When we moved to the Pyrenees 7 years ago I had little knowledge about the wines of Southwest France other than those from Jurançon and Cahors.
SW France wines simply weren't out there to be seen, most probably because they weren’t made in large volumes, a lot of it was consumed locally and their labelling was terrible.

High on my list of things to do when I arrived was to go and check out some of the wine areas and get to know the wines.
I was, after all, living here and going to be drinking them.

I started with Madiran, one of the closest wine regions to my new home Chez Passet.
I had sourced out some places on the internet to check out and 2 of the more renowned were: Domaine Berthoumieu and Chateau Montus.

 

A 45min drive took us north on a drizzly overcast March morning past the town of Tarbes and into farming country where we found the small village of Madiran.
A somewhat non-descript village surrounded by fields and vinyards with one road passing through the centre of a few non-descript houses and a church (of course!).
We had thought that Madiran was the centre of the "Madiran" Wine region, however it wasn't, it just seemed to be a village of that name which was a shame as we really couldn't find a sense of where the region actually started and stopped.

Used to looking at wine regions and wineries across the U.S. and Canada we were looking for some form of signage and direction but there was nada, nothing.
We guessed they did things a bit different here!
We did see a wine information sign but when we went to where it pointed the door was locked so we decided to carry on and try to find our first vineyard, Domaine Berthoumieu.

With the absence of any signs we went to a nearby restaurant and asked a lady setting up tables for directions. Her response as she turned and walked away, was that she didn't know.
There was no, “try here they might know”, no help at all.
Ah the French way, they definitely did things differently here…..so helpful!


Luckily we had a Sat. Nav. so we programmed in the address and up a narrow lane we went on our way.
15 minutes of very narrow, winding lanes and not a lot of vines later we were instructed to “turn here”.
“Where? There’s no turning.” I said
Indeed there was a very well camouflaged turning with an equally camouflaged sign to Berthoumieu attached to a tree.
Finally, we had arrived.
Where we were I had no idea.

Montus

The sign pointed to a farm gate that was open and next to which stood a sign for the vineyard so we drove in, parked the car and went off in search of the tasting room.
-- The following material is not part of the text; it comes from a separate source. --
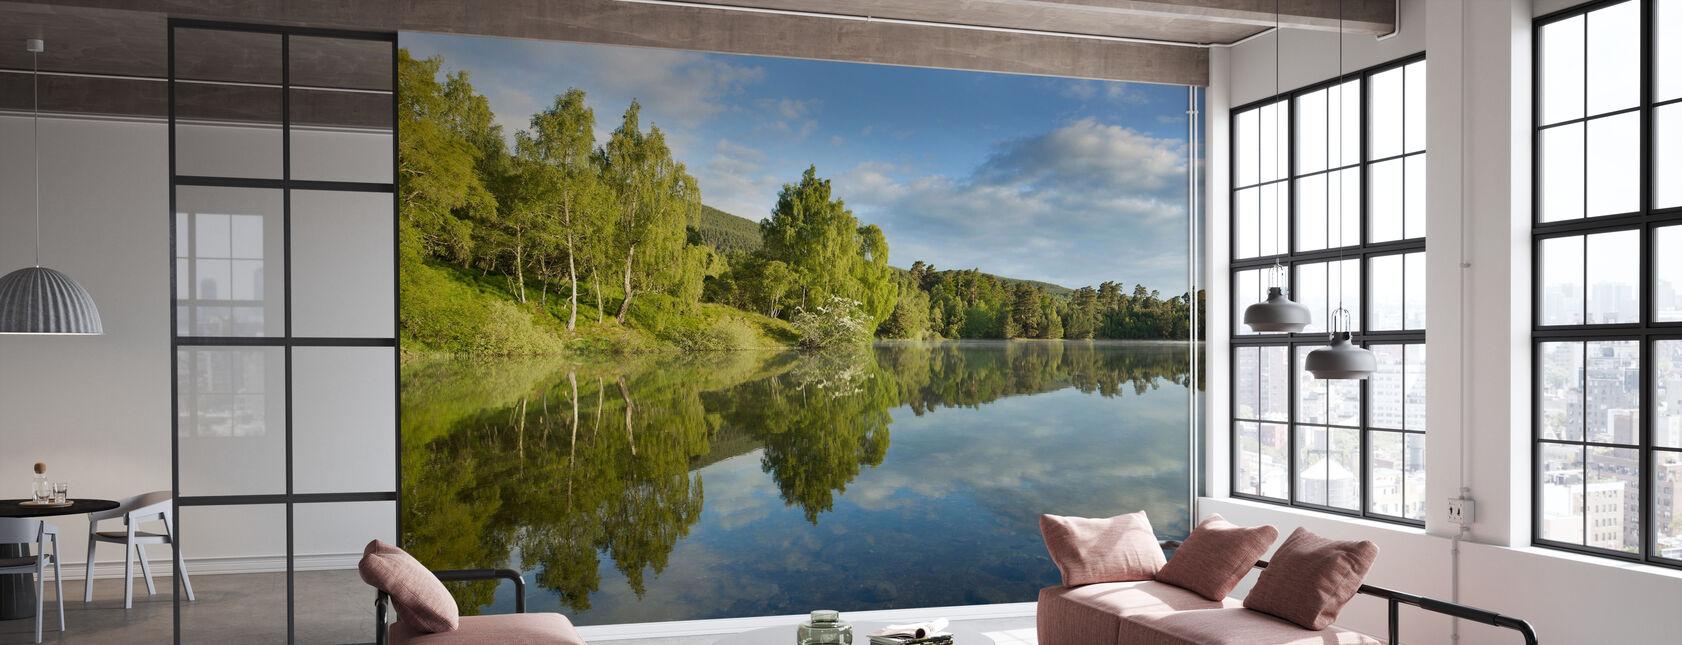 Lac d'été paisible - Papier peint - Bureau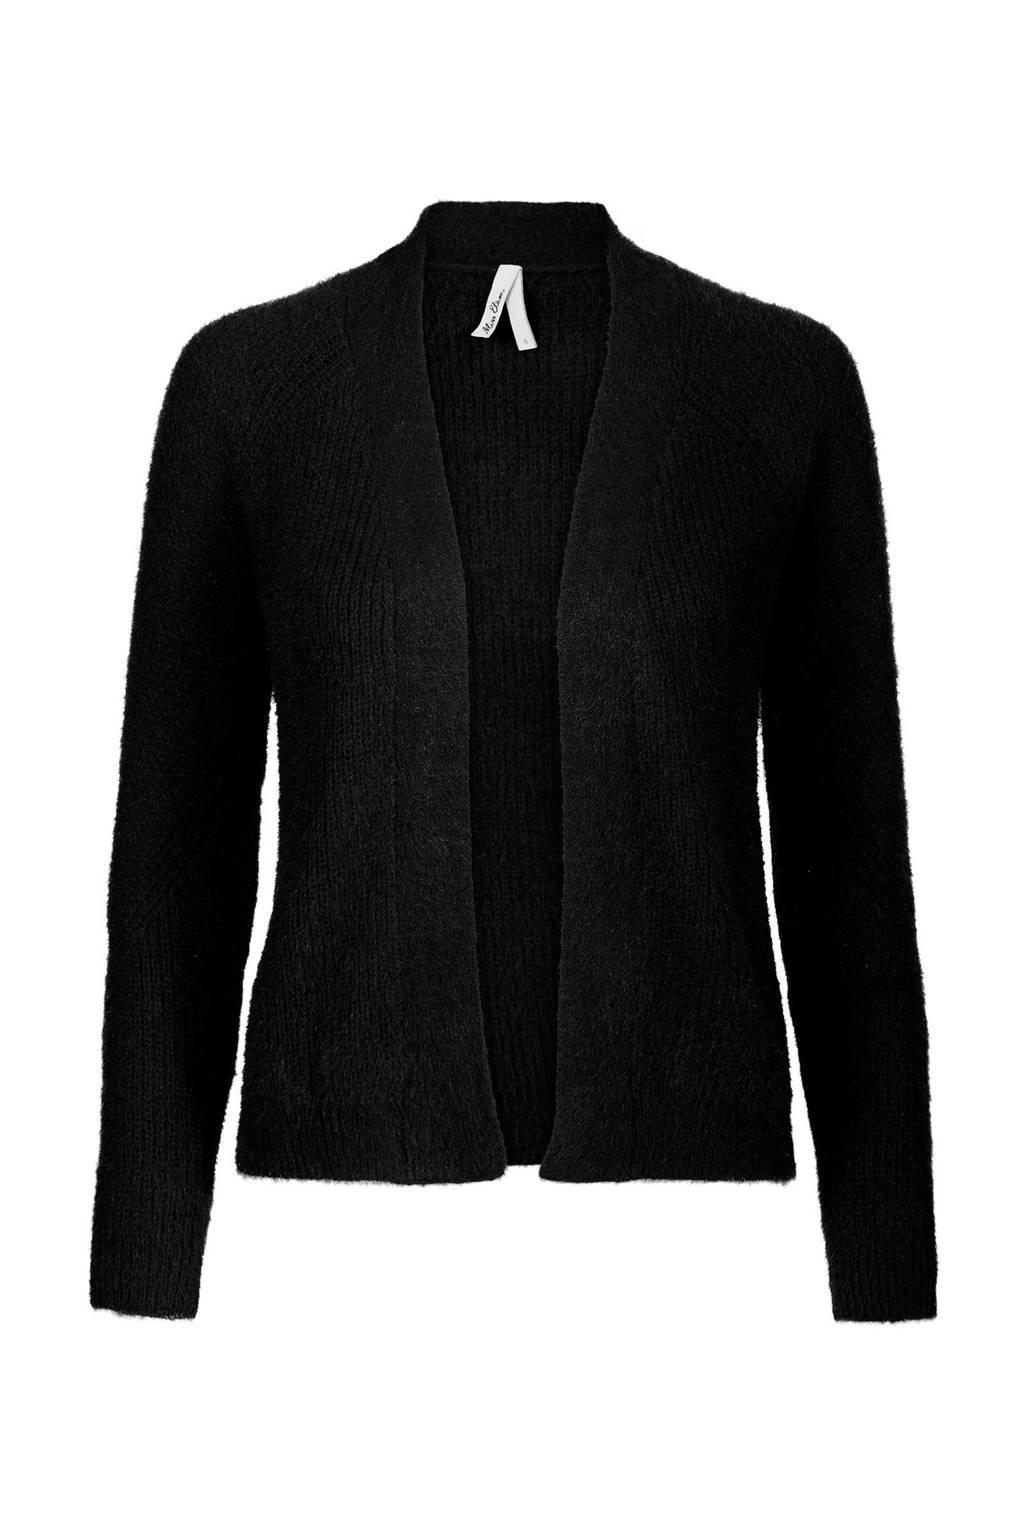 Miss Etam Regulier fluffy vest zwart, Zwart

We hadn’t called ahead and made an appointment as in North America you don’t normally have to.
There was no one around so I sent my husband Tim off in search of life while I made friends with the friendly guard dog. 

A few minutes later Tim came out followed by Didier Barre, the owner and wine maker at Berthoumieu.
We asked in our best, bad French if it was possible to taste and were rewarded, for once, with a smile and “of course”.

We spent the next hour with Mr. Barre tasting his wines in the smallest tasting room I have ever been in, 1 small round table and 3 chairs.  
I tasted, spat and tasted again and again.
Tim basically got hammered and enjoyed everything he tasted!

My French (at the time) was poor, but my wine and restaurant French were fluent so I had no problem conversing with Mr. Barre who was clearly delighted that I knew what I was talking about and was asking informed questions.

Berthoumieu is only a small producer in terms of quantity but, like many small wine makers, he values traditional family wine making techniques and is passionate about his wine and the land that the grapes grow on.
His wines, therefore, are very traditional and are perfect partner for regional dishes such as Confit de Canard or Cassoulet.


Madiran reds are made with the Tannat grape (60%) with additional grape varieties including Cab. Sav. and Cab. Franc being used to make up the blend if the wine maker wants to.
Berthoumieu makes nearly all of his Madiran reds with a high percentage of Tannat. (Whites from this region cannot be called Maridan but must be called Pacherinc du Vic Bilh)
Berthoumieu's wines are what I would consider to be in an “old world style” meaning they take time to soften and become approachable but once softened the layers of flavour in the wine define the terroir and passion that has gone into making it.

I asked if the year was going to be a good vintage.
The question was met with a typical Gallic shrug, a smirk and an absolute “every year is a good year here”.

Enough said, lesson over.
Wine is very simple for these producers, they are from a small farming area without huge financial input for modern day equipment or technology but they have pride and passion.
It's as if you are drinking history which in a way is refreshing and there’s nothing at all wrong with the wine they make.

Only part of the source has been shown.